■ Goal of the exercise
What you return must be the exact lines of the material below, from the first through the one that has "Nike Flight Official", with no pictures and, please, nothing else.

■ Dataset extract
------------------------------------
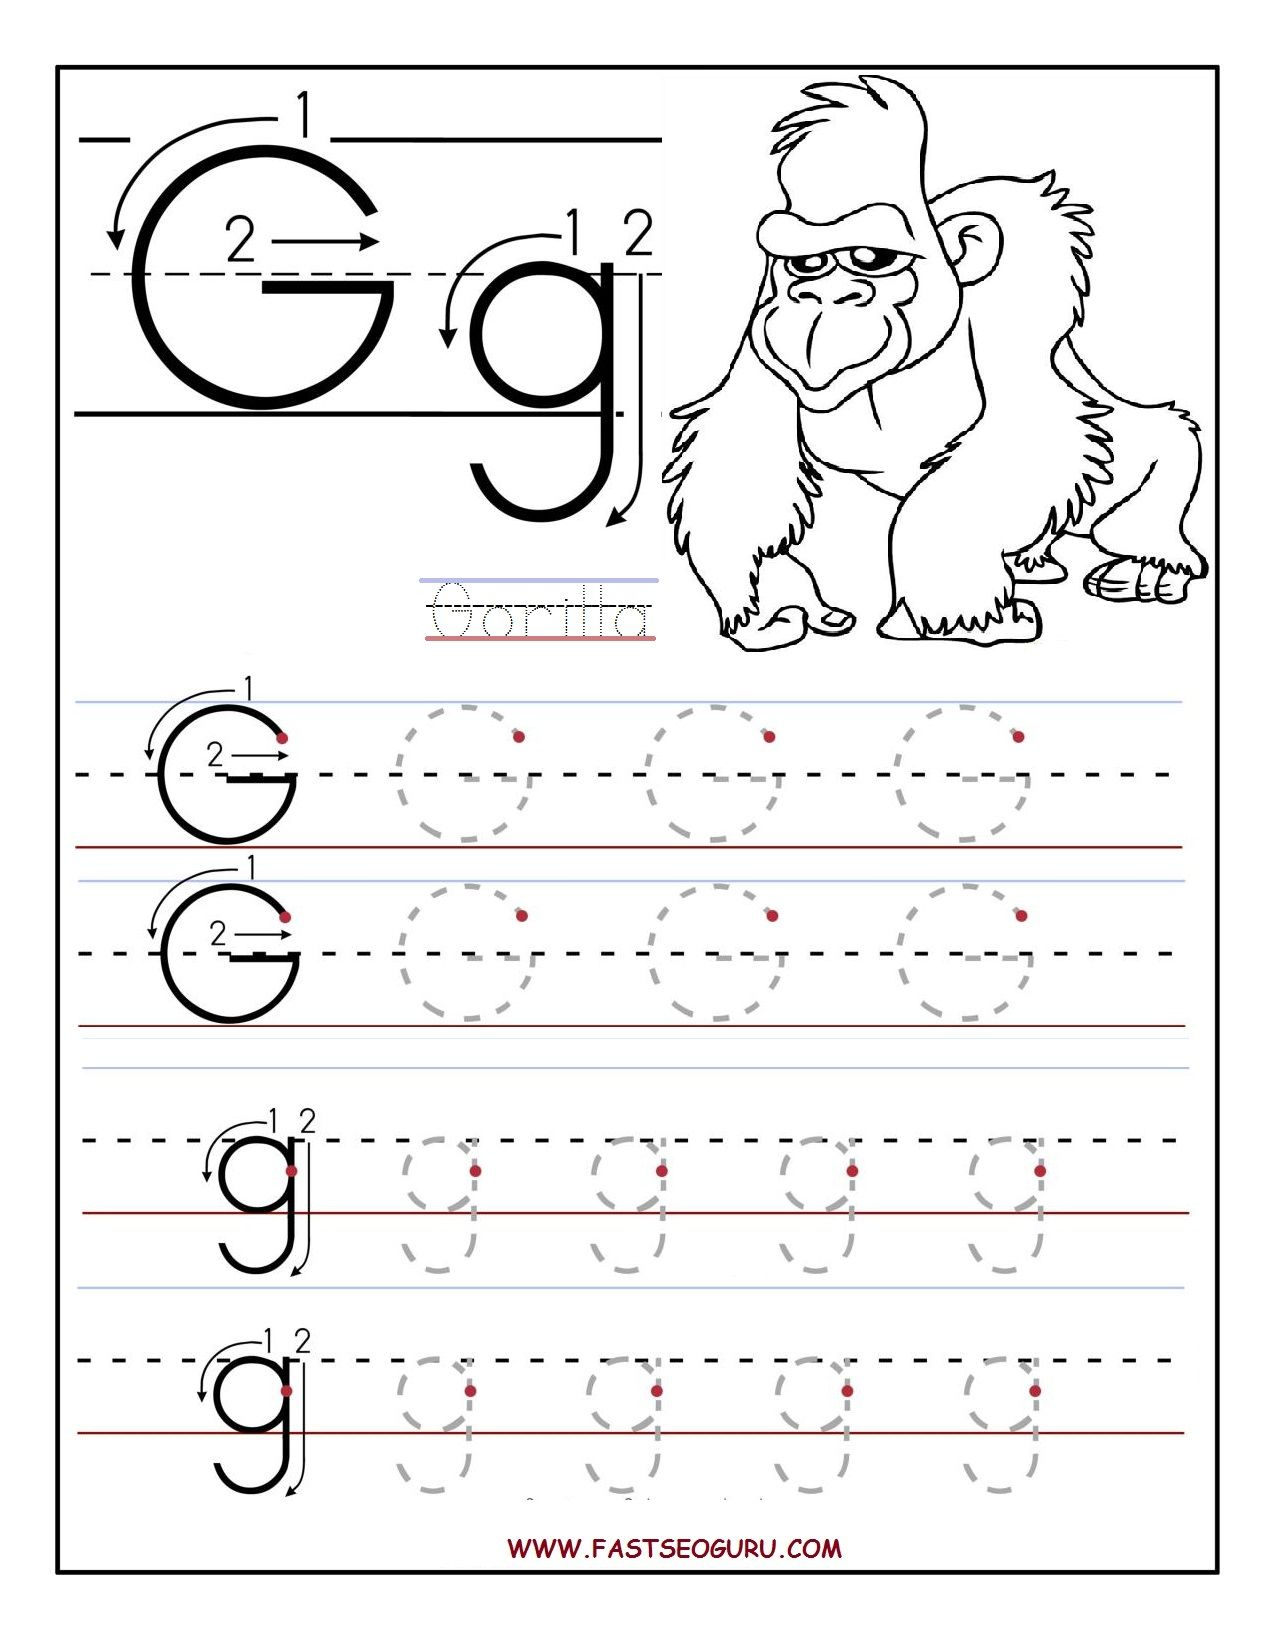 Printable Letter G Tracing Worksheets For Preschool throughout G Letter Tracing Worksheet
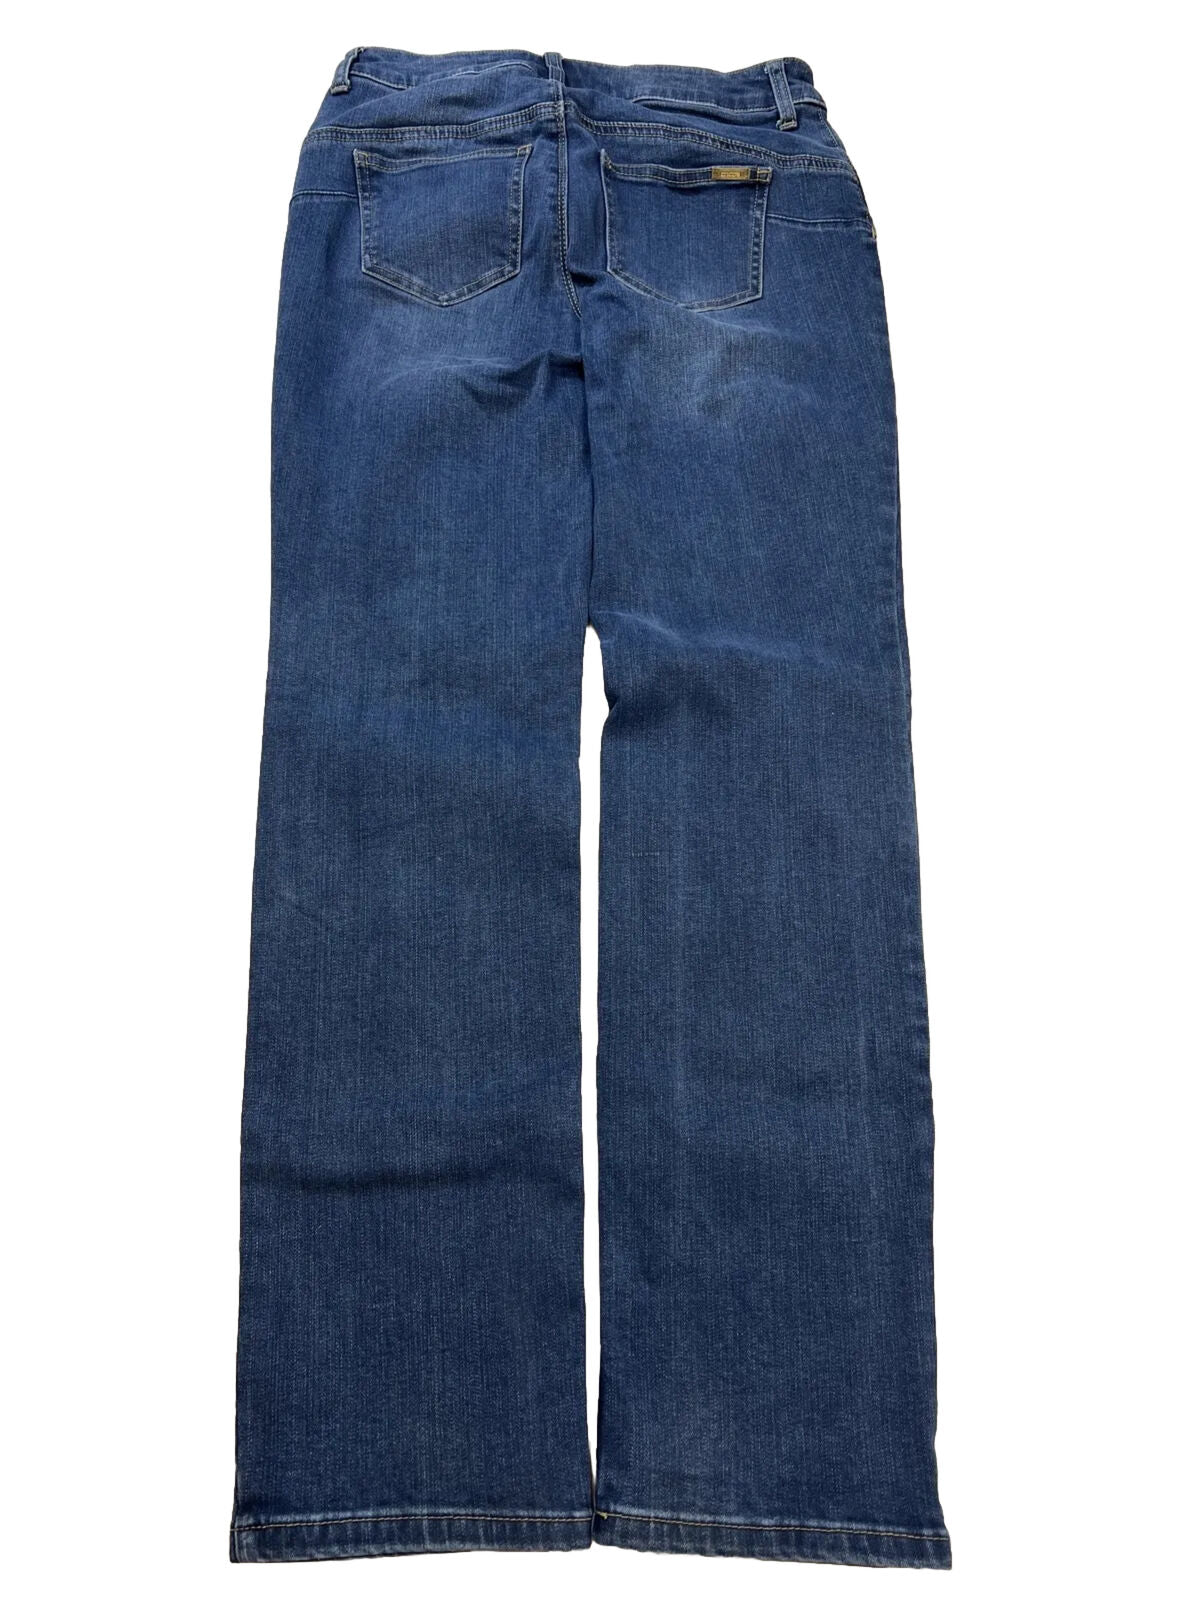 Chico's Women's Medium Wash So Lifting Slimming Jeans - 0/4
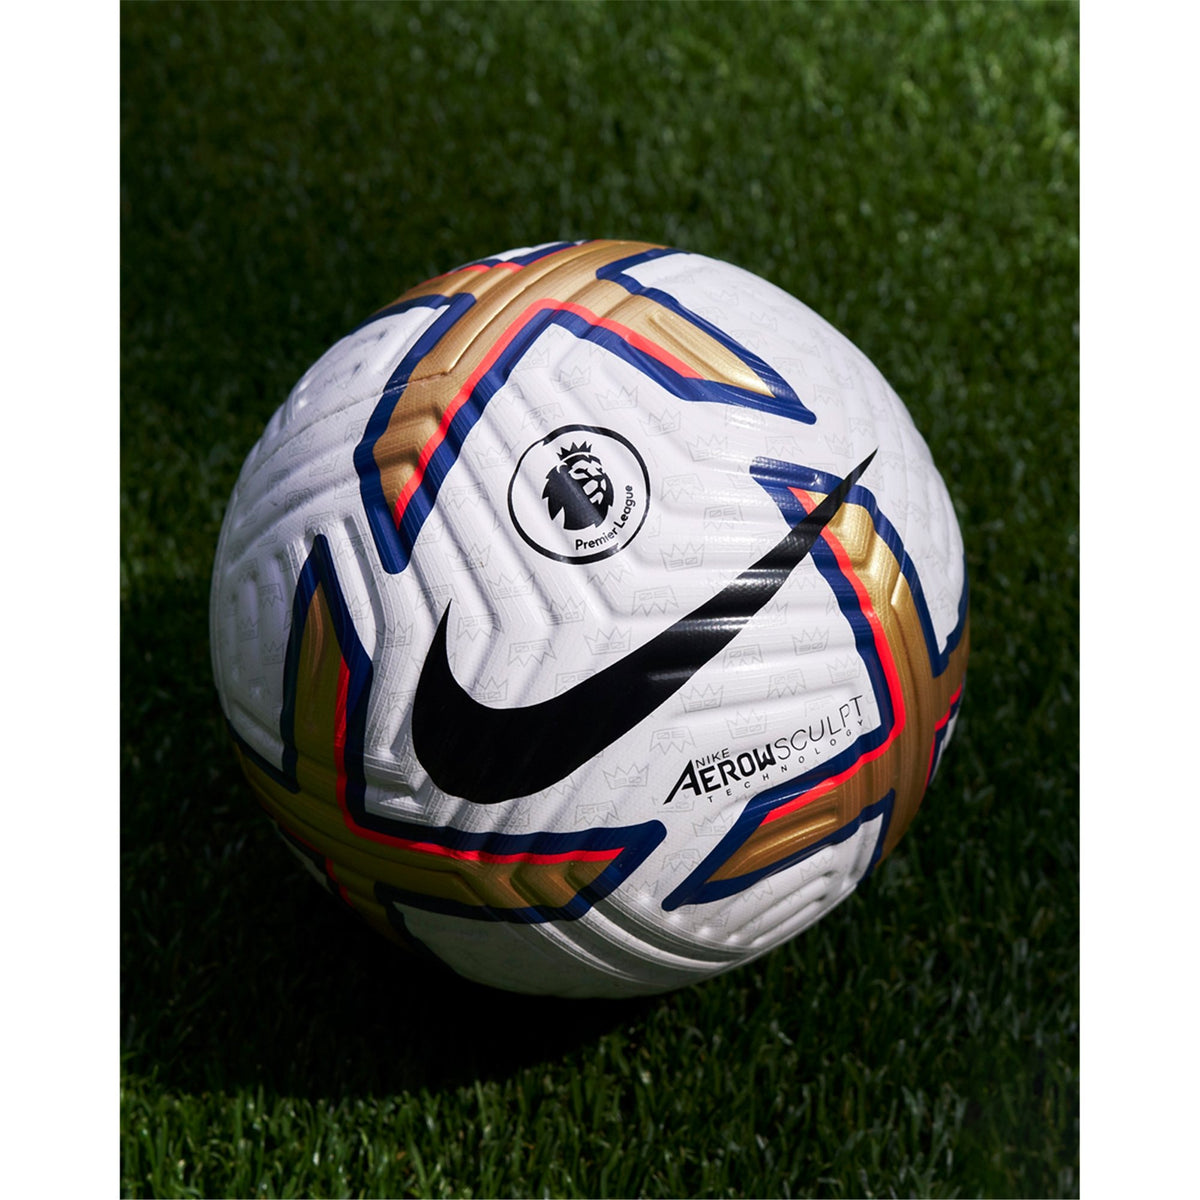 Nike Flight Official Match Ball 2022/2023 FA22 Promo Aerowsculpt FIFA Pro
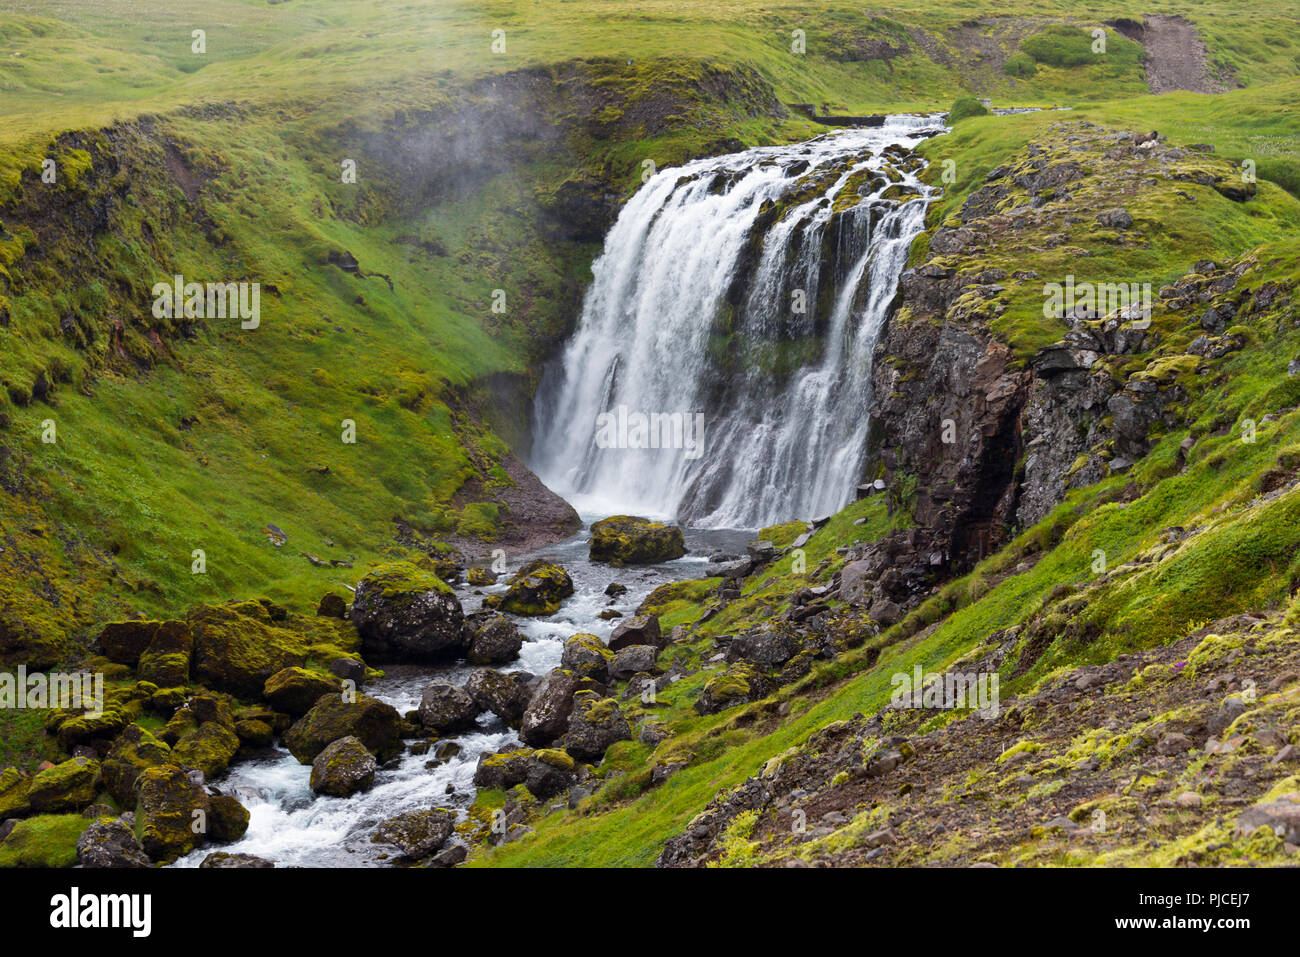 Wasserfall, F570, Halbinsel Snaefellsnes, Island, Sn ae fellsnes, Wasserfall, Halbinsel Snaefellsnes, Insel, Snaefellsnes Stockfoto
------------------------------------
■ Solution for this task
 Printable Letter G Tracing Worksheets For Preschool throughout G Letter Tracing Worksheet
 Chico's Women's Medium Wash So Lifting Slimming Jeans - 0/4
 Nike Flight Official Match Ball 2022/2023 FA22 Promo Aerowsculpt FIFA Pro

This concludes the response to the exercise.